Under Darkness - Page 2

Masi's art could be called a form of displaced mimesis. It seeks to reproduce the world through a kind of literal substitution (the referents in Masi's tableaux having naturalistic status) but in order that this process be held up to sceptical inquiry. Thus everything in Masi's world may appear to be in place rationally and temporally, but on closer inspection begin to assume another less authoritative reality. His tableaux reproduce the amorality of bureaucratic 'rationality', the obliteration between manipulative and non-manipulative relationships in the pursuit of matching means to ends. The objects that are not-quite-real-objects, the rooms that are not-quite-real-rooms are the products of a dysfunction between meaning and use, between intention and performance; they are objects from a world in which claims to knowledge cannot be made good - claims staged by Masi as a carefully controlled fiction.

Thus when critics accuse him of 'playing to the audience' of fashioning a design-based art, they miss the point completely. The precision, the concern for finish, for synaesthetic effects, are elements co-ordinated to produce the maximum unease through a maximum familiarity with the material. It is no surprise that Masi has regularly cited Brecht and post-war European cinema, particularly the 'constructed' cinema of Syberberg, as influences. Just as conceptualism brought art face to face with its own epistemological status, Brecht's theory of alienation has been influential in securing a certain level of reflexiveness and experimentation for the visual arts. As such Masi's 'power-plays' make very little claim on any definable sculptural tradition.
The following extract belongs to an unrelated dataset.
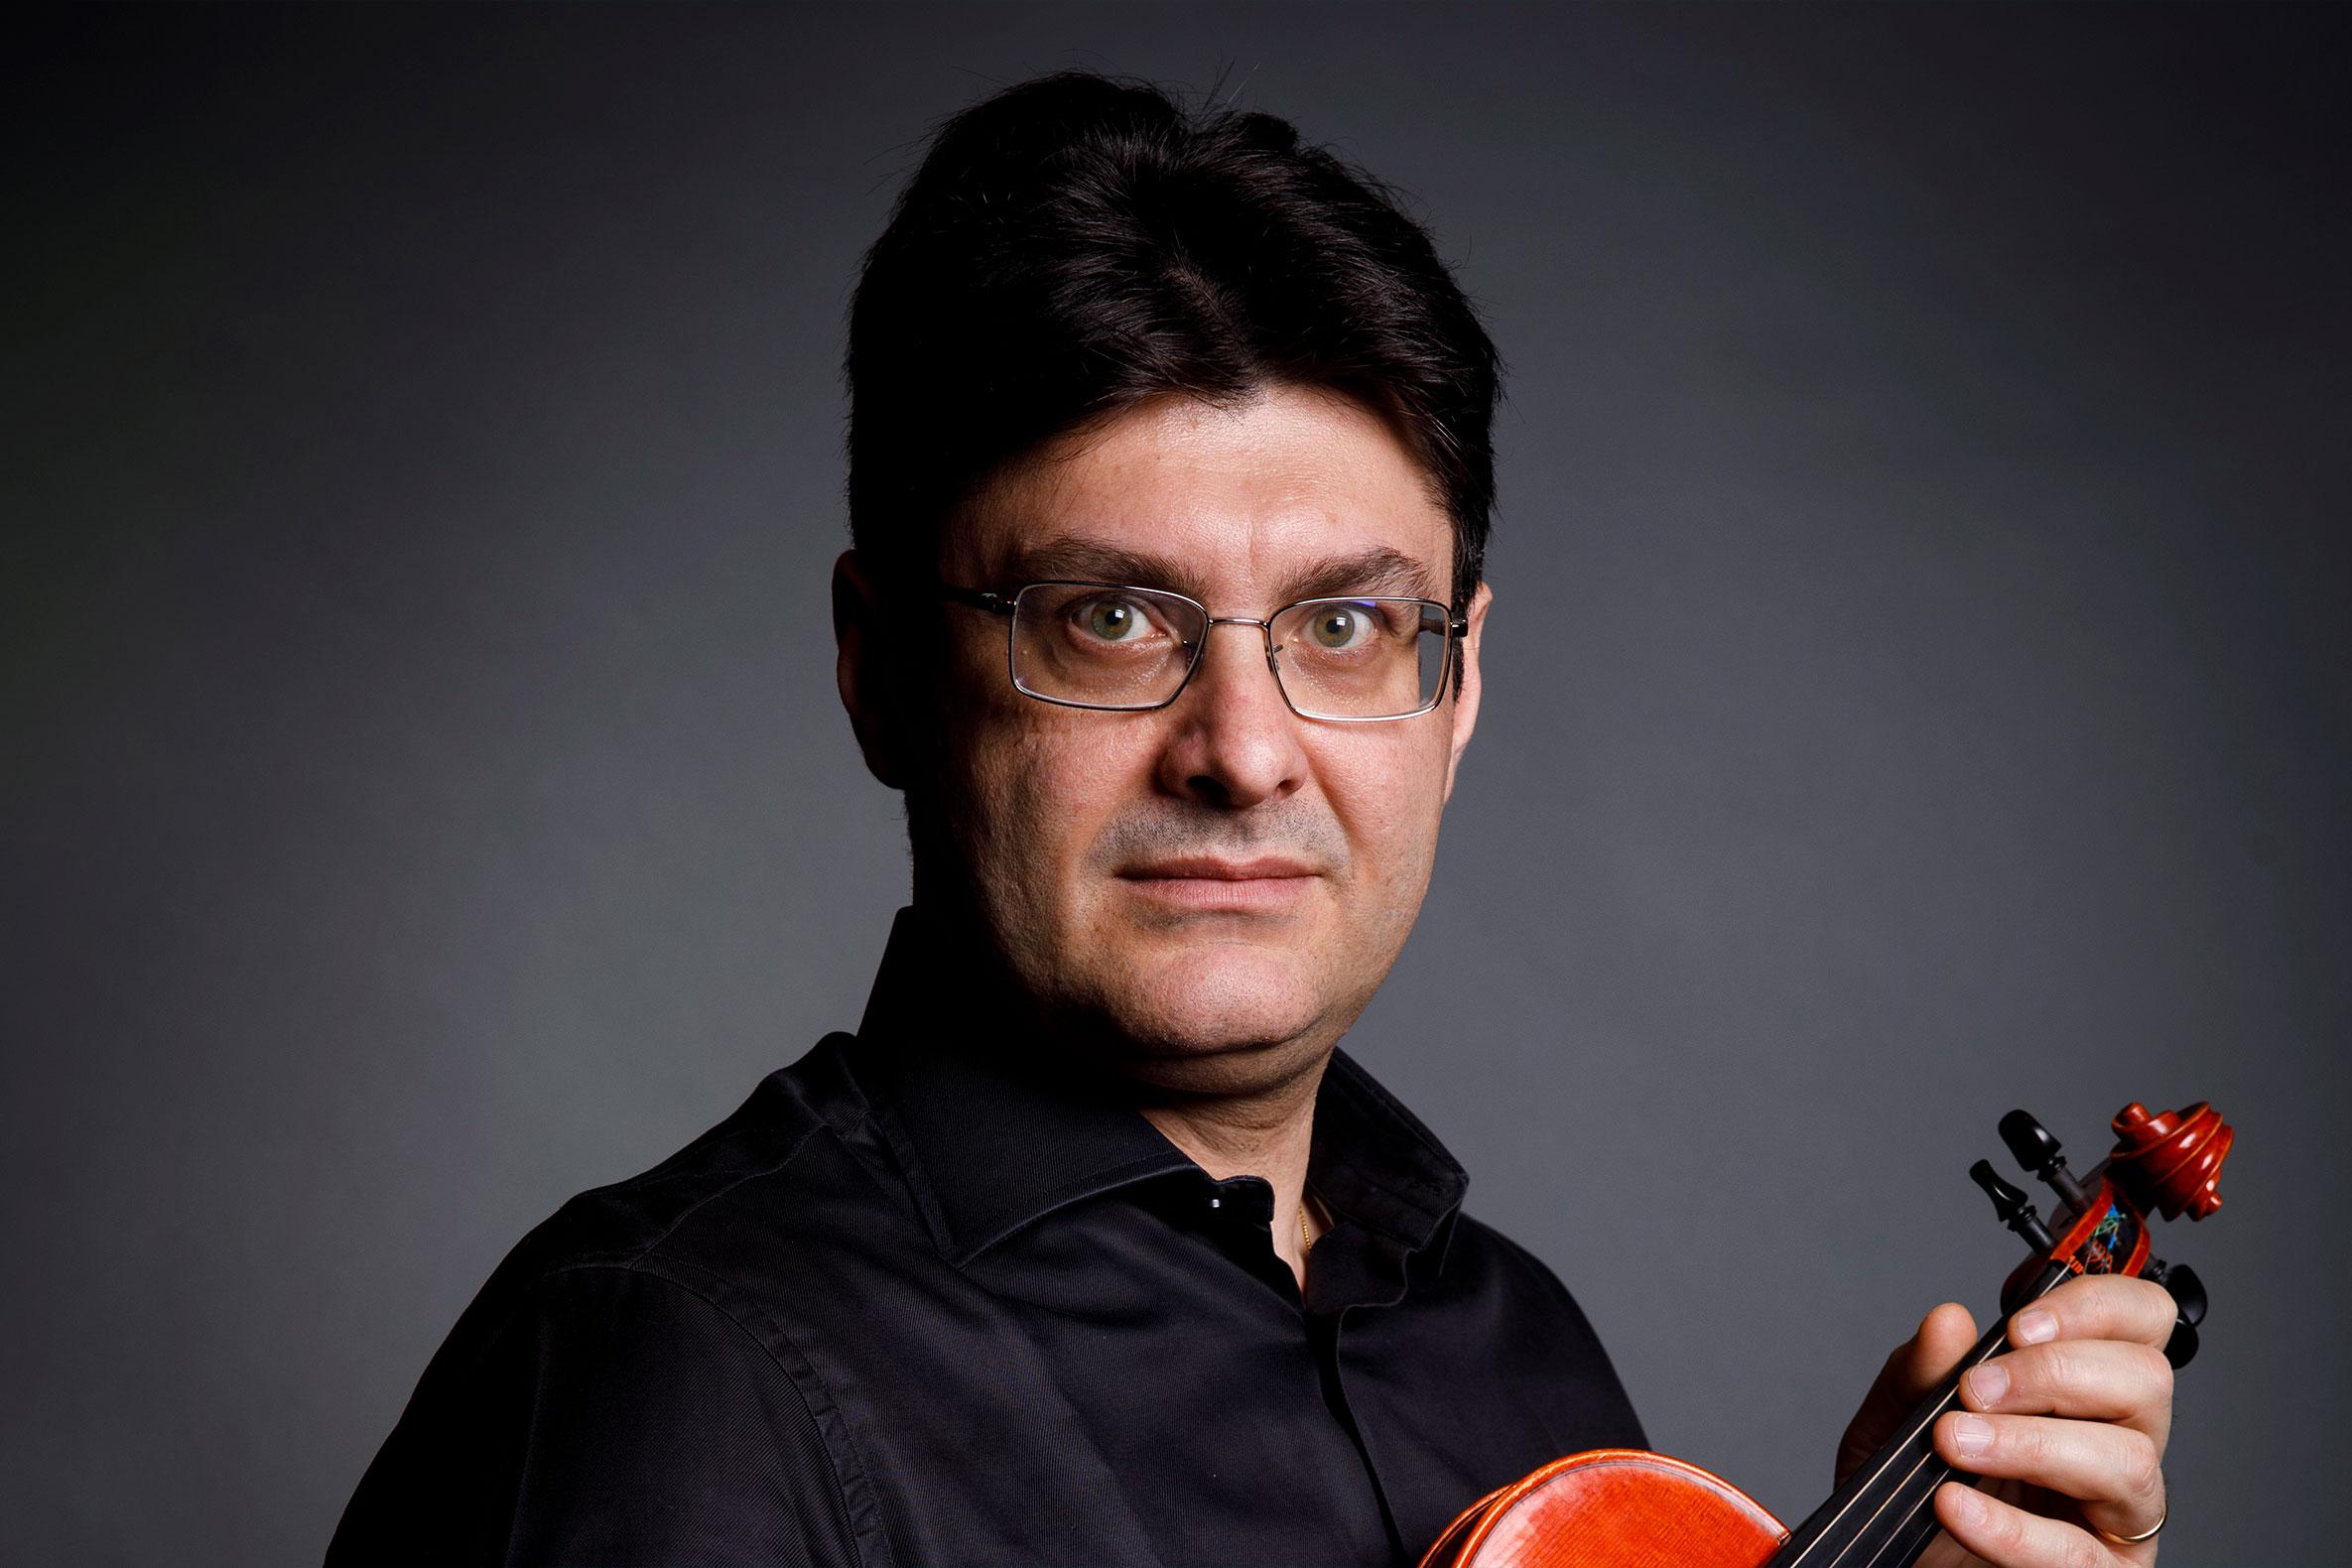 Ruggiero Sfregola

Although it is possible in general to talk about 'expanded' sculpture in relation to this work's site-specificity, its dramatic devices and psychological spaces are clearly theatrical in provenance and direction. As in the theatre, we are asked to construct intelligible and plausible causal links between phenomena, to connect objects and events to those which have preceeded and to those which could be anticipated. However, this dramatization of the tableau as a moment within an unfolding narrative (what Barthes has called the 'pregnant moment' in connection with Brecht's theatre) is less evident in the most recently completed work. In Arena the relationship between viewer and tableau is not so readily governed by the question: what has happened? The absence of a single point of focus loosens the work's narrative impulse; spectator and tableau form a more self-contained relationship; we are more concerned with what is internal to the work.

Arena consists of twelve 3ft square mirrored panels. On each are two stuffed rats in various aggressive or passive attitudes - two are fighting at each other's throats, three copulating, two 'boxing', whilst one pair are mummified, two committing acts of cannibalism and two pairs showing one of the pair retreating after killing the other. As in the other tableaux light and sound ("You are in the Arena" says Masi's growly electronically controlled voice) fill out the sense of apprehension and disturbance, but the viewer's sense of engagement (and estrangement) is extended by the viewers being able to move systematically through the piece. We are in a sense co-opted as viewers.

All Masi's work uses aesthetic distance to create a spectatorship which enforces the moral neutrality of the managerial mode. Given the medical and psychiatric models of the early tableaux, such a relationship might be held to be that between a doctor and a patient. We are there to inspect, to 'put in place' what we see. Thus Masi is not eliciting pity through his human analogues; we might identify with the animals but that identification is never made stable, or rather, never made the point of the work. In Arena this managerial form of spectatorship is brought into sharper focus. To walk into Arena and look down on the animals, each pair confined to its cold pen, is to push the relationship between dominator and dominated into an unambiguous light. If we are the administrator or expert on his rounds in the earlier tableaux then here we are also the taxonomist. Looking and evaluating become not simply a question of 'securing' or verifying the object of scrutiny but of accumulating it as data. The twelve encounters (domestic rituals and public conflicts alike) are surveyed under the same, all-encompassing gaze; we are immediately asked to cross-reference and compare.

However Arena is not simply about how the effects of modern managerial consciousness erodes the pretence of an authentic private world; it is also concerned with how relationships are conceived under bourgeois humanism in terms of those in nature -the constant recourse when making assumptions about human behaviour to use terms borrowed from natural history: the aggressive male, the passive female. Arena, in suitably Brechtian fashion, disturbs this order. Here laid out on twelve stands, like some natural history exhibit, is the life cycle of the rat. It copulates, it fights,and it dies. But as in the other tableaux such verisimilitude is not all that it seems. Some of the pairs are doing un-rat-like things. Two pairs are copulating in the missionary position - only humans do this. Two pairs are fighting at each other's necks - rats are never aggressive in this way. Thus another order - another set of behaviourial references - is inter-posed between what the rats are doing and what actually is permissible for rats to do. The effect of this is not to show how close rats and humans really are, but quite the opposite. The idea of nature being manipulated and made perverse dislodges our assumptions about natural patterns and hierarchies (just as it also reinforces the sinister side of such manipulations: the crudities of eugenics and behaviourial determinism).